*What is needed:*
Could you restate the data below word for word, without its pictures?

##### Input data #####

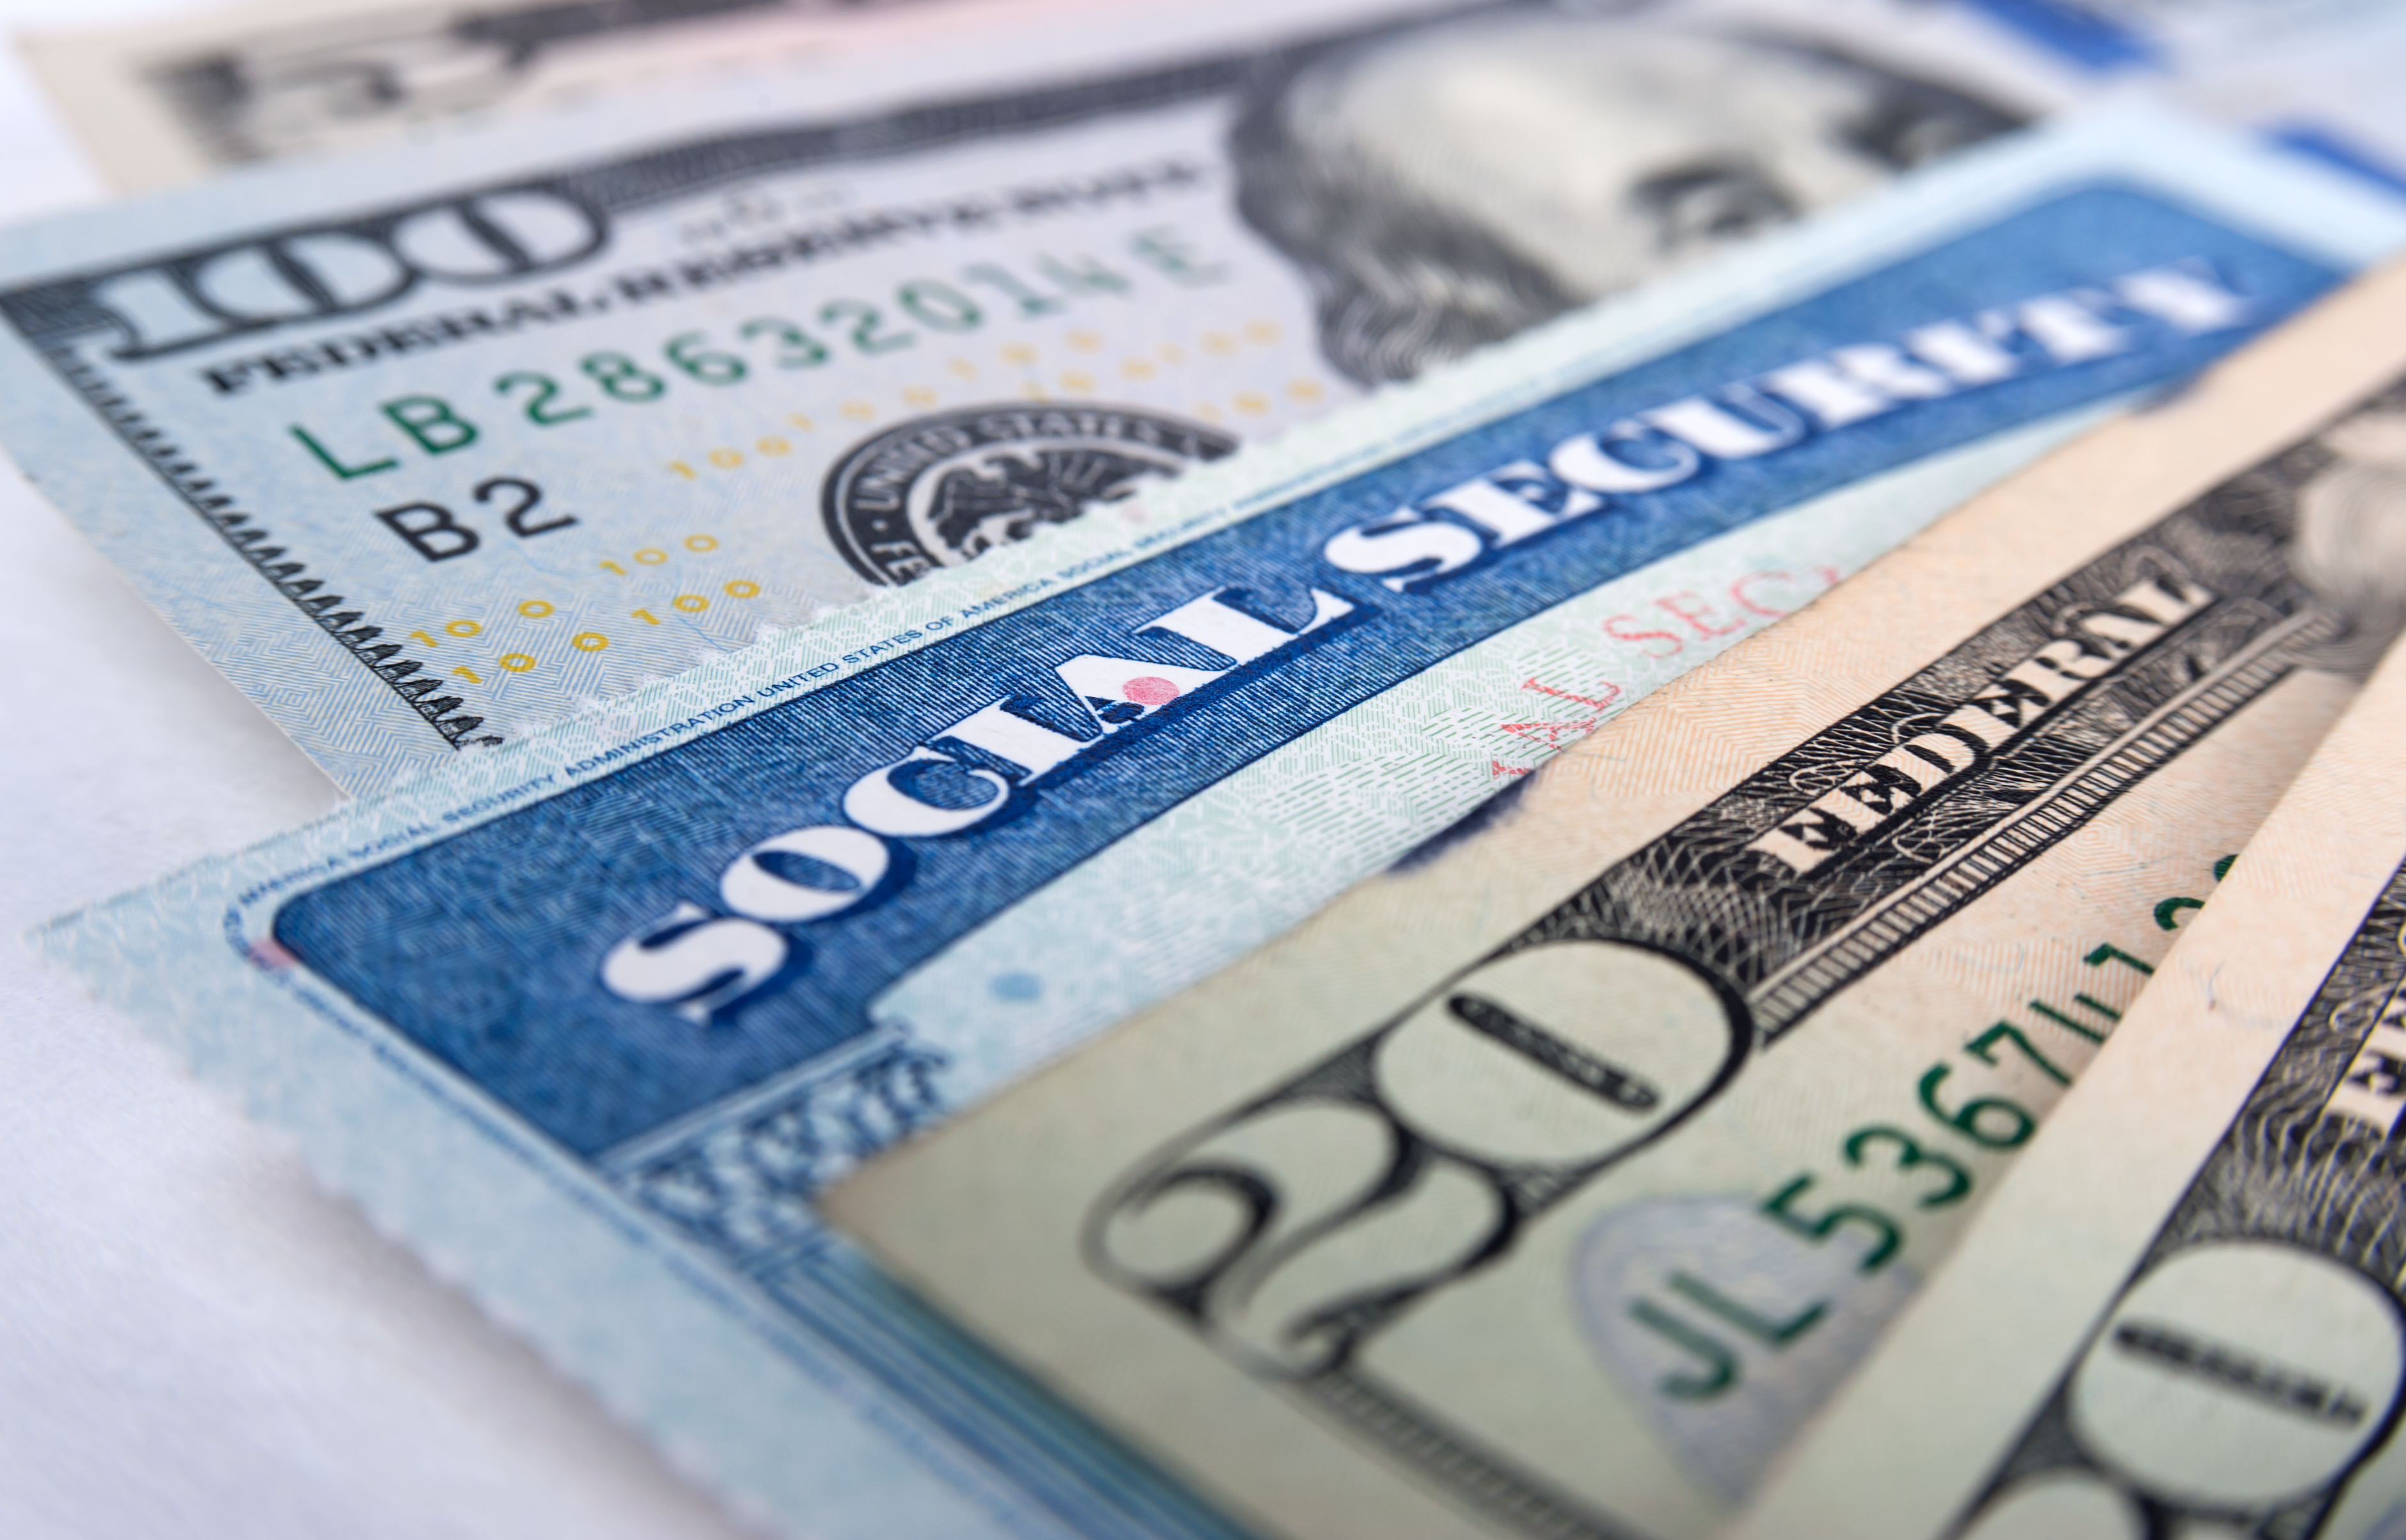 Social Security Mistakes Can Cost You Tens of Thousands of Dollars. Here's How to Get Good Advice
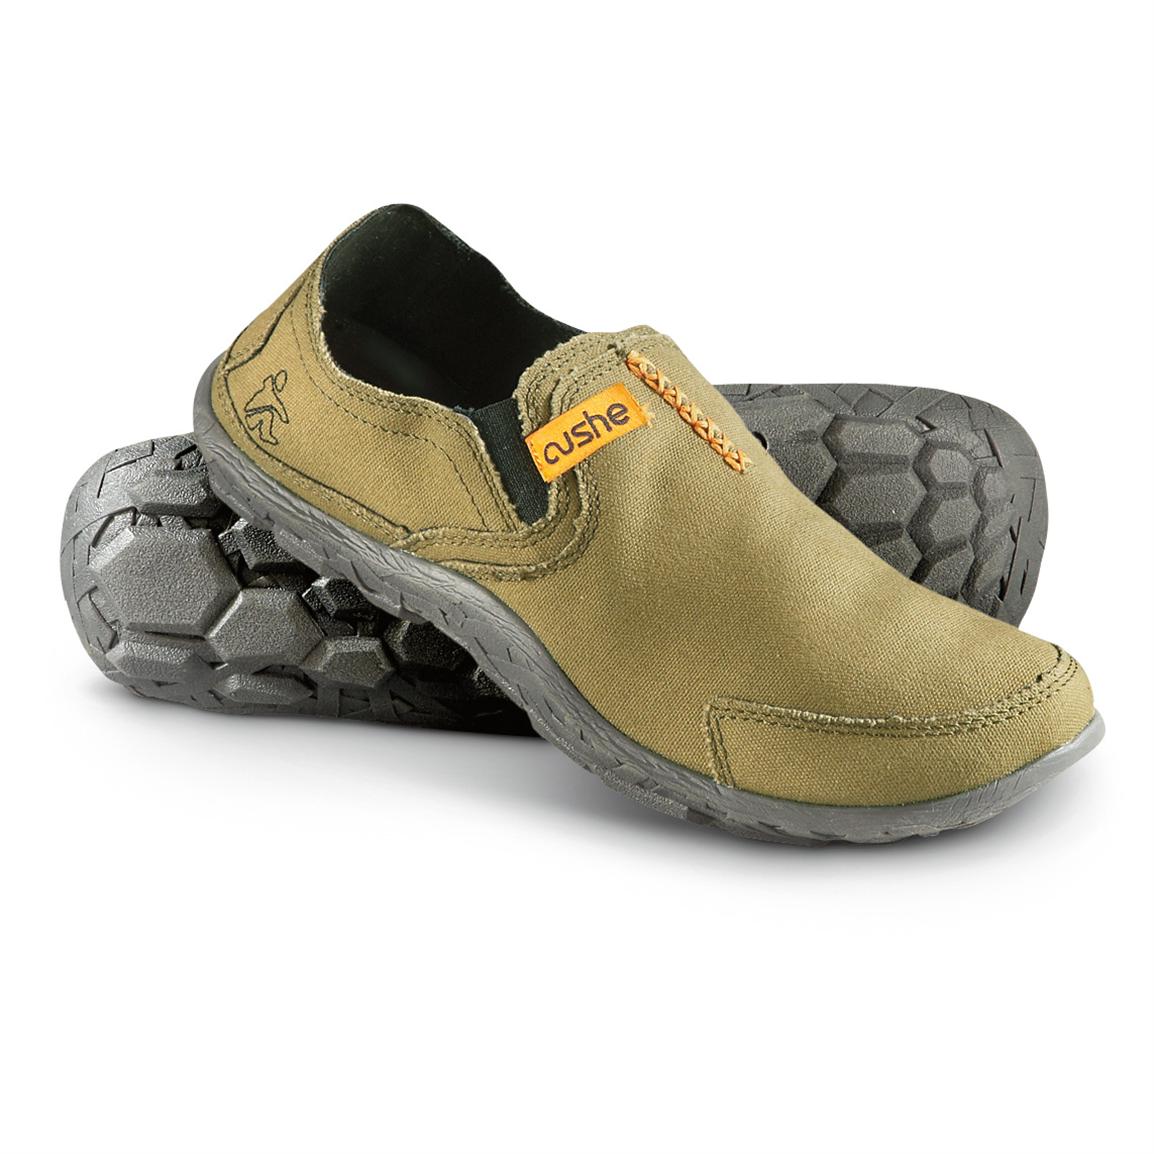 Men's Cushe Mocs - 579313, Casual Shoes at Sportsman's Guide
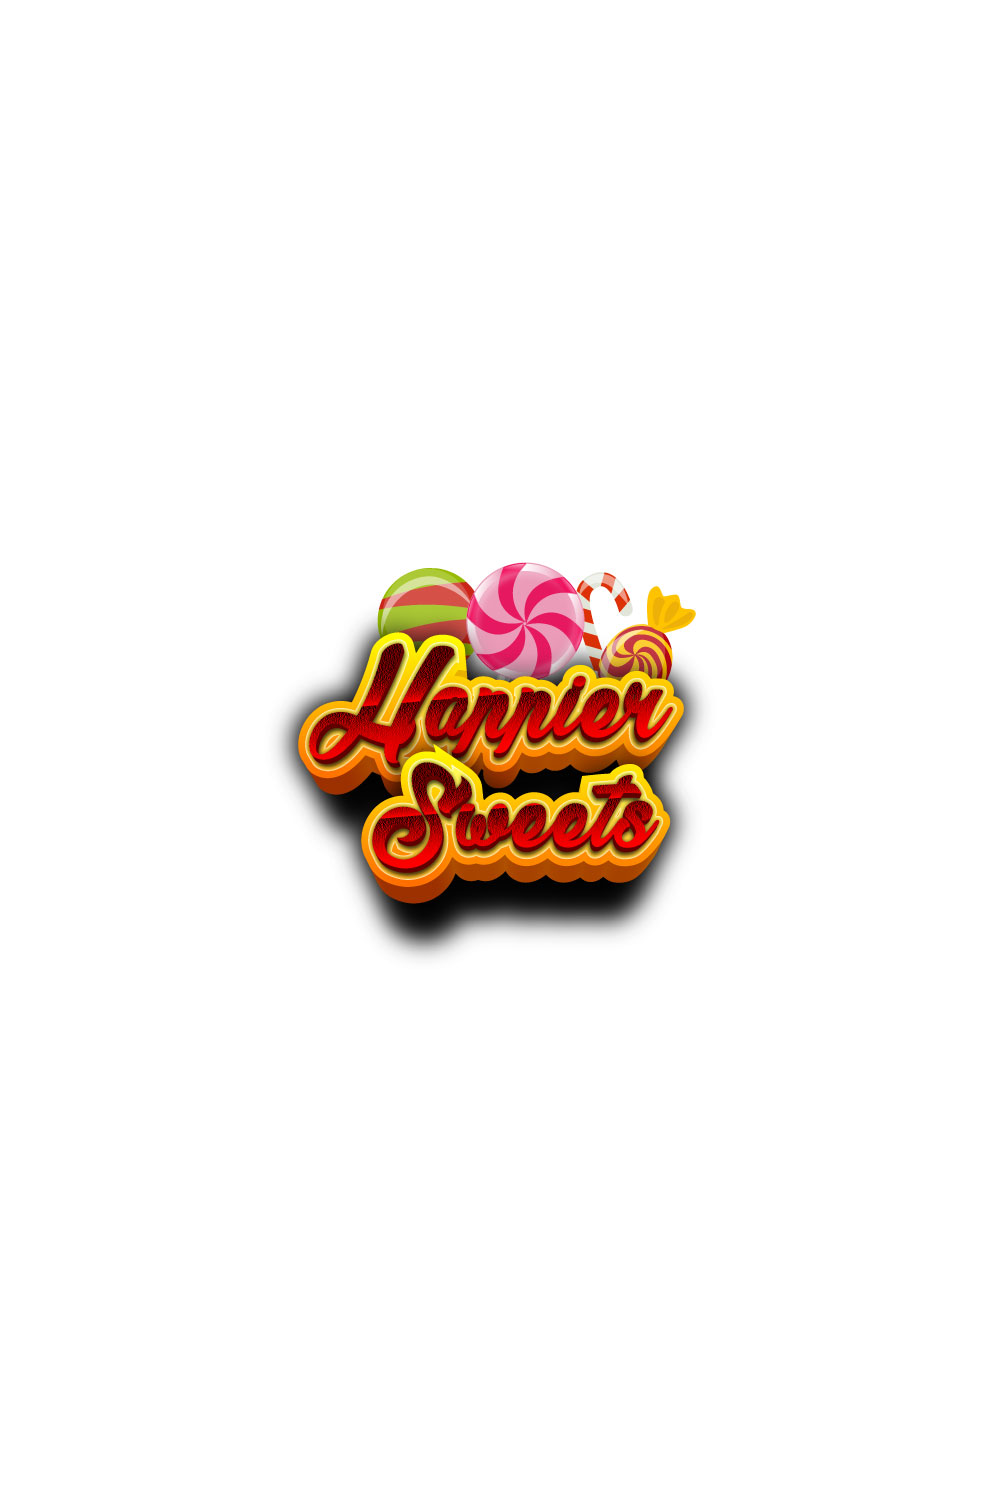 candy sweets logo 2 222
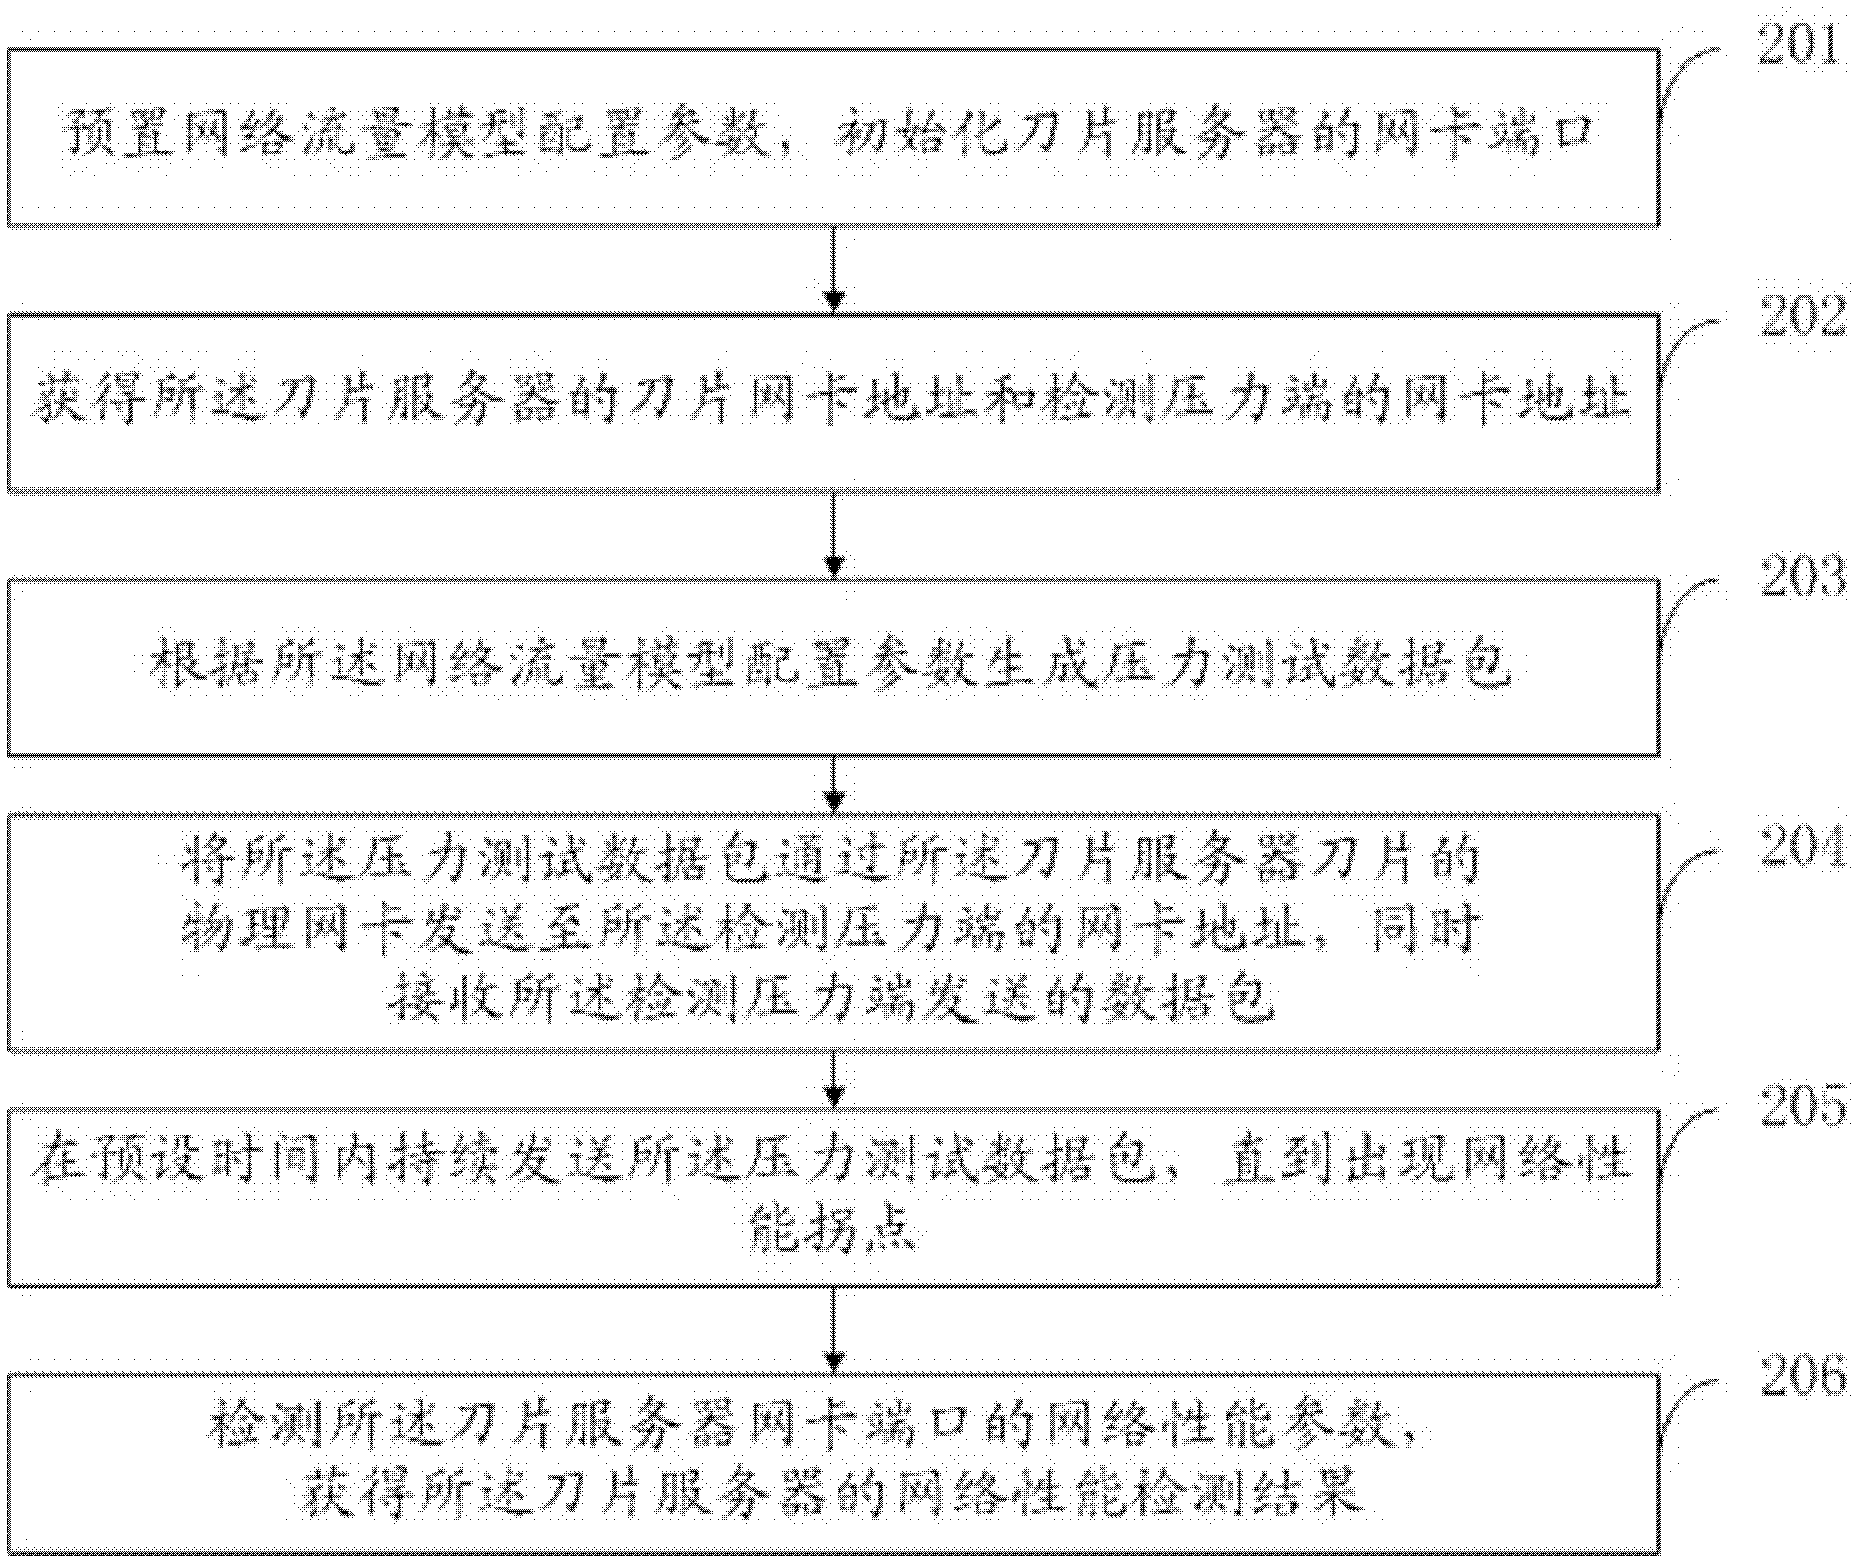 Network performance detection method and system of blade server

#####

*Exercise solution:*
 Social Security Mistakes Can Cost You Tens of Thousands of Dollars. Here's How to Get Good Advice
 Men's Cushe Mocs - 579313, Casual Shoes at Sportsman's Guide
 candy sweets logo 2 222
 Network performance detection method and system of blade server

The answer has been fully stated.